¿Privatizar o no privatizar? En otras épocas los bandos enfrentados por este dilema estaban más claramente definidos. Había una infinidad de empresas estatales, la gran mayoría de las cuales se gestionaba de forma desastrosa, lo que hacía pensar a algunos que no había mejor alternativa –o más remedio– que ponerlas en manos de gestores privados, mientras que otros pronosticaban que esto llevaría invariablemente a una combinación funesta de Estado escuálido y ciudadanos esquilmados.

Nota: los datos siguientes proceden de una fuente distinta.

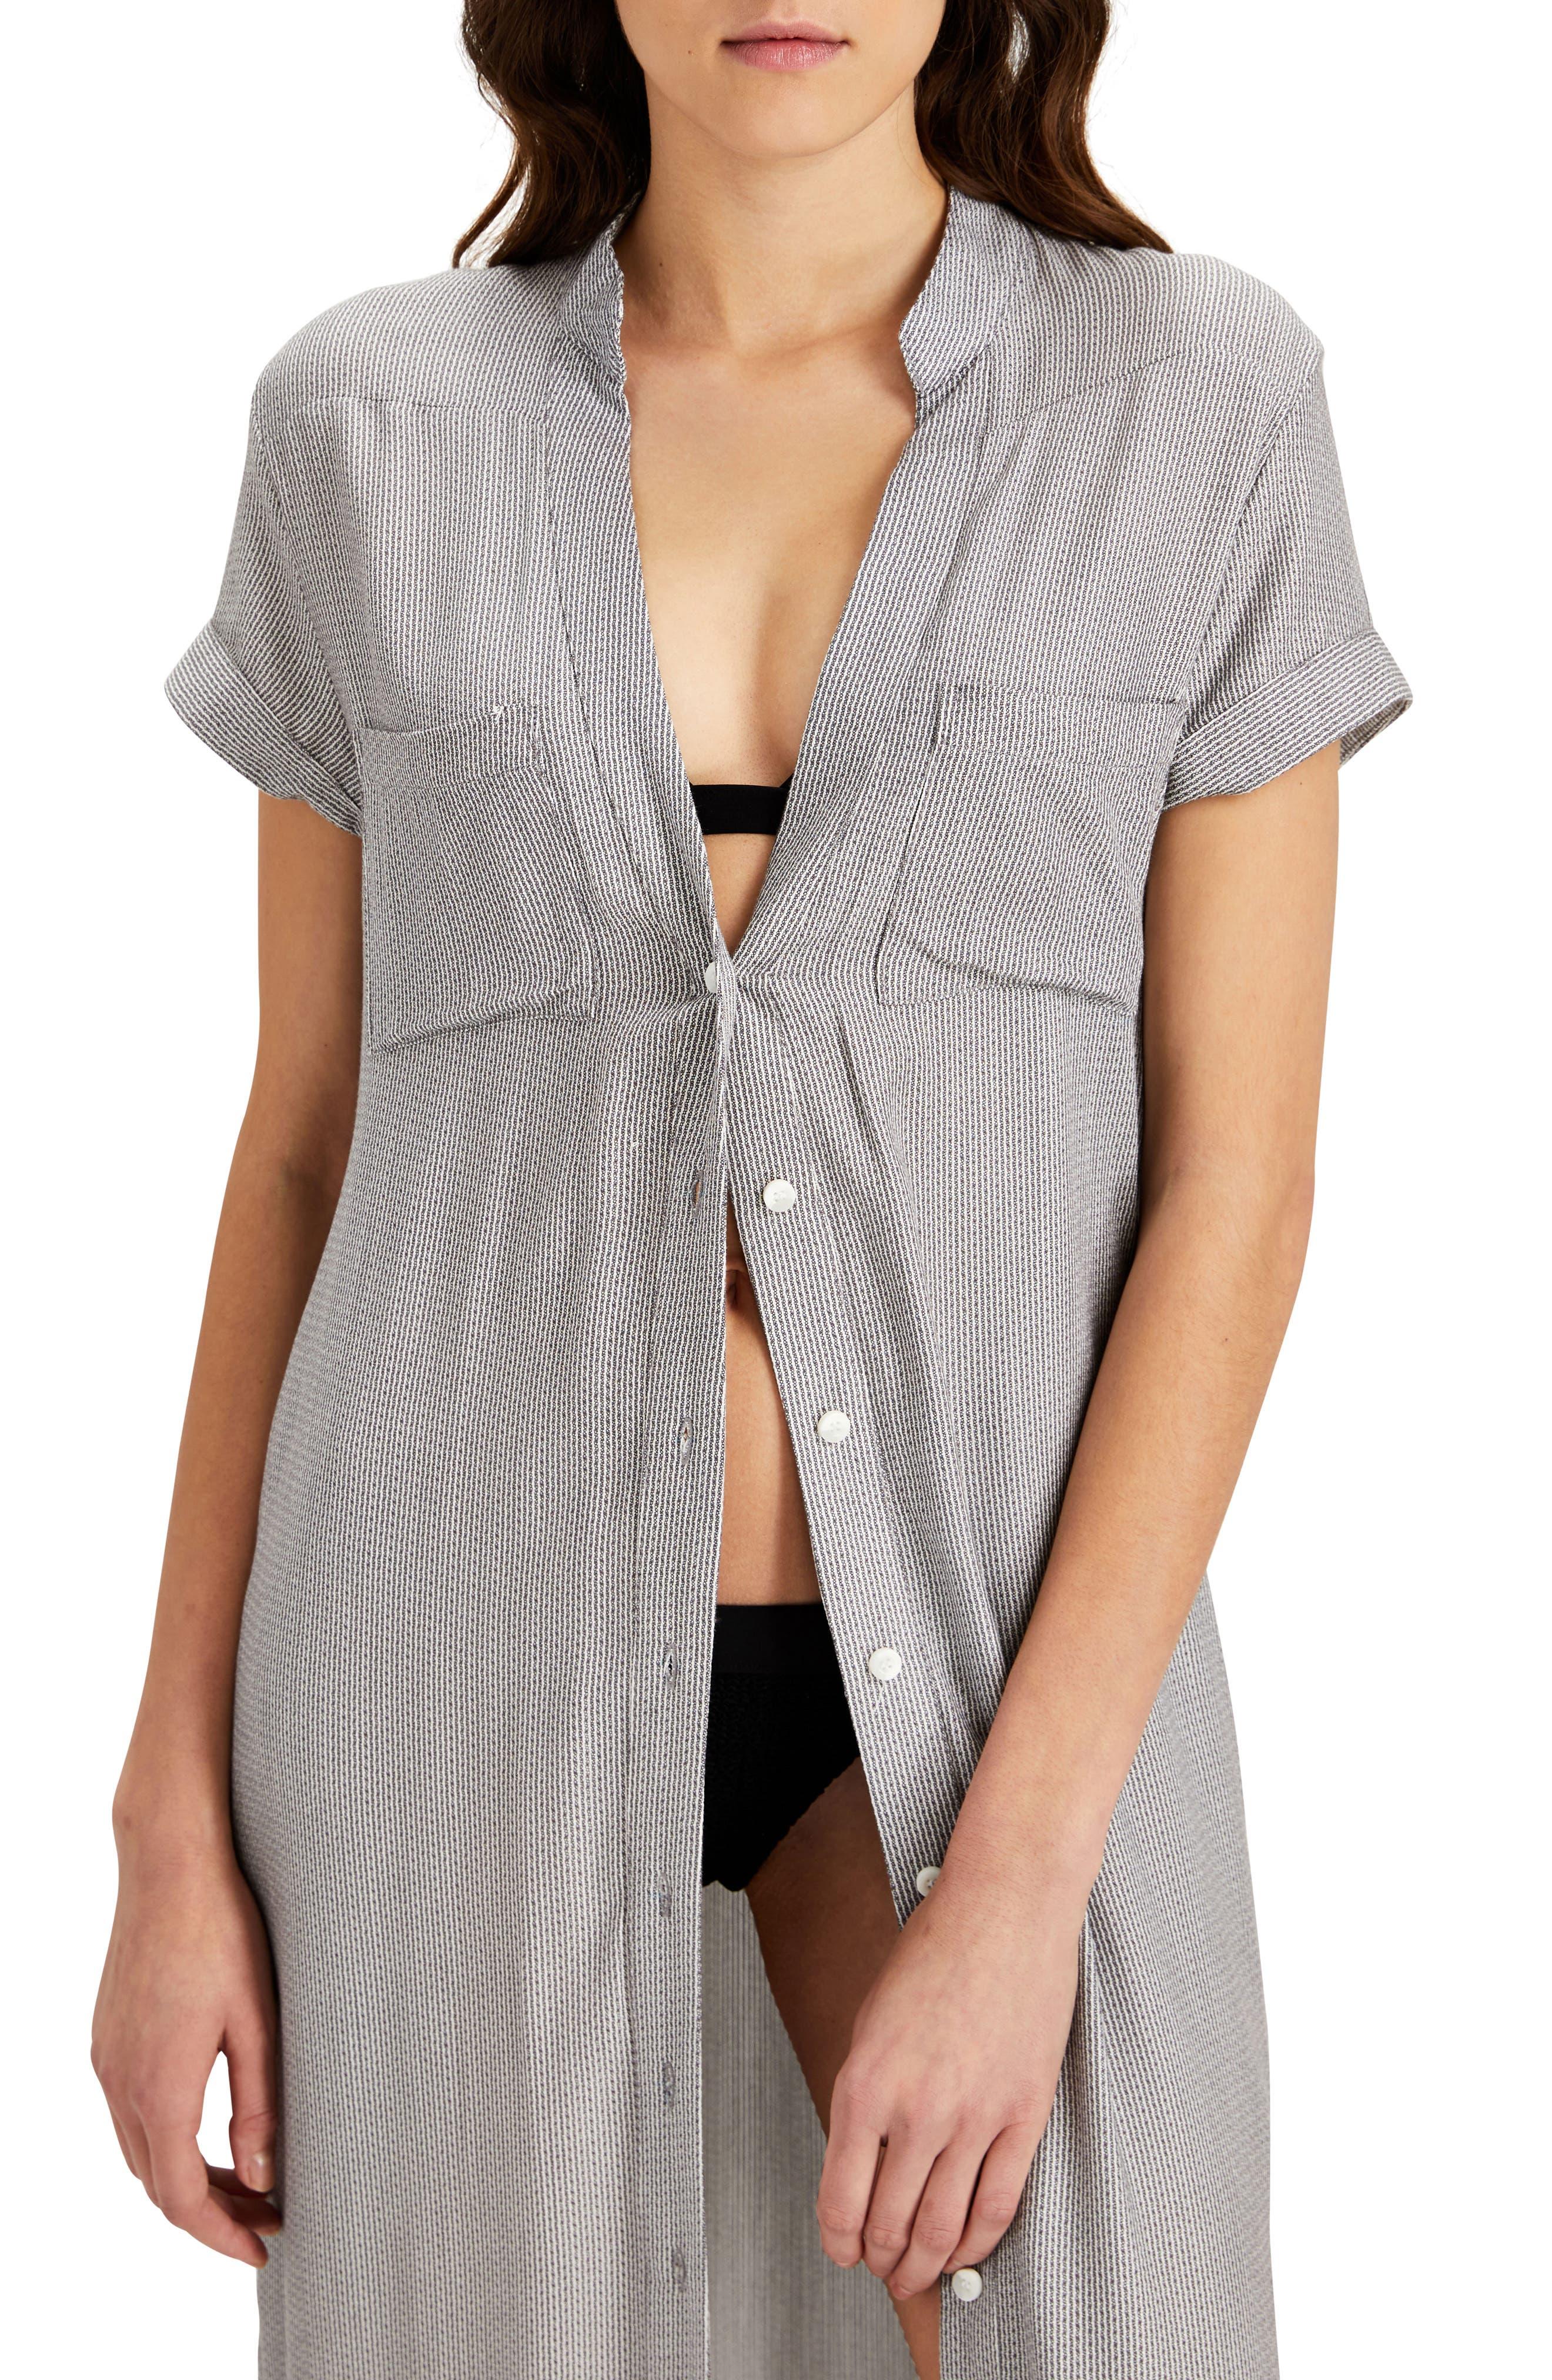 Kim Button Down Cover-Up Dress,                             Alternate thumbnail 3, color,                             022

De cualquiera que tome posición en ese debate, se podría decir que está ‘ideologizado’ en tal o cual sentido. Pero en este dilema en particular –el del Estado subsidiario vs. el Estado empresario–, la evidencia favorece contundentemente a quienes se alinean con lo primero, más allá de que el perdurable romanticismo de otros respecto de los ‘sectores estratégicos’ mantenga viva su fe en que se puede seguir insistiendo sin volver a tropezar con la misma piedra.
Más curioso es cuando, en tiempos como el presente, se abre una polémica en respuesta al supuesto intento de “privatizar” Machu Picchu. ¿A quién en su sano juicio se le ocurre sustraer a esta maravilla del mundo moderno de “lo público” para dejar que entre privados se la levanten en peso? Tremendo atrevimiento del Ministerio de Cultura, que debería ser, más bien, el principal guardián de lo “no privado”.
Pero esta indignación dura hasta que uno se da cuenta de que, con bastante frecuencia en el Perú, quienes advierten de la privatización como si fuera la llegada del apocalipsis son –oh, sorpresa– actores privados que tienen arreglos mercantilistas con el Estado, y la defensa de “lo público” es, en realidad, la protección de un negocio.
Dos ejemplos. Quienes favorecen que un porcentaje de las entradas al santuario inca se siga vendiendo en físico en Machu Picchu pueblo habiendo sospechas claras de fraude en los registros, ¿están defendiendo lo público o será que un grupo de ellos está protegiendo su muy privado bolsillo?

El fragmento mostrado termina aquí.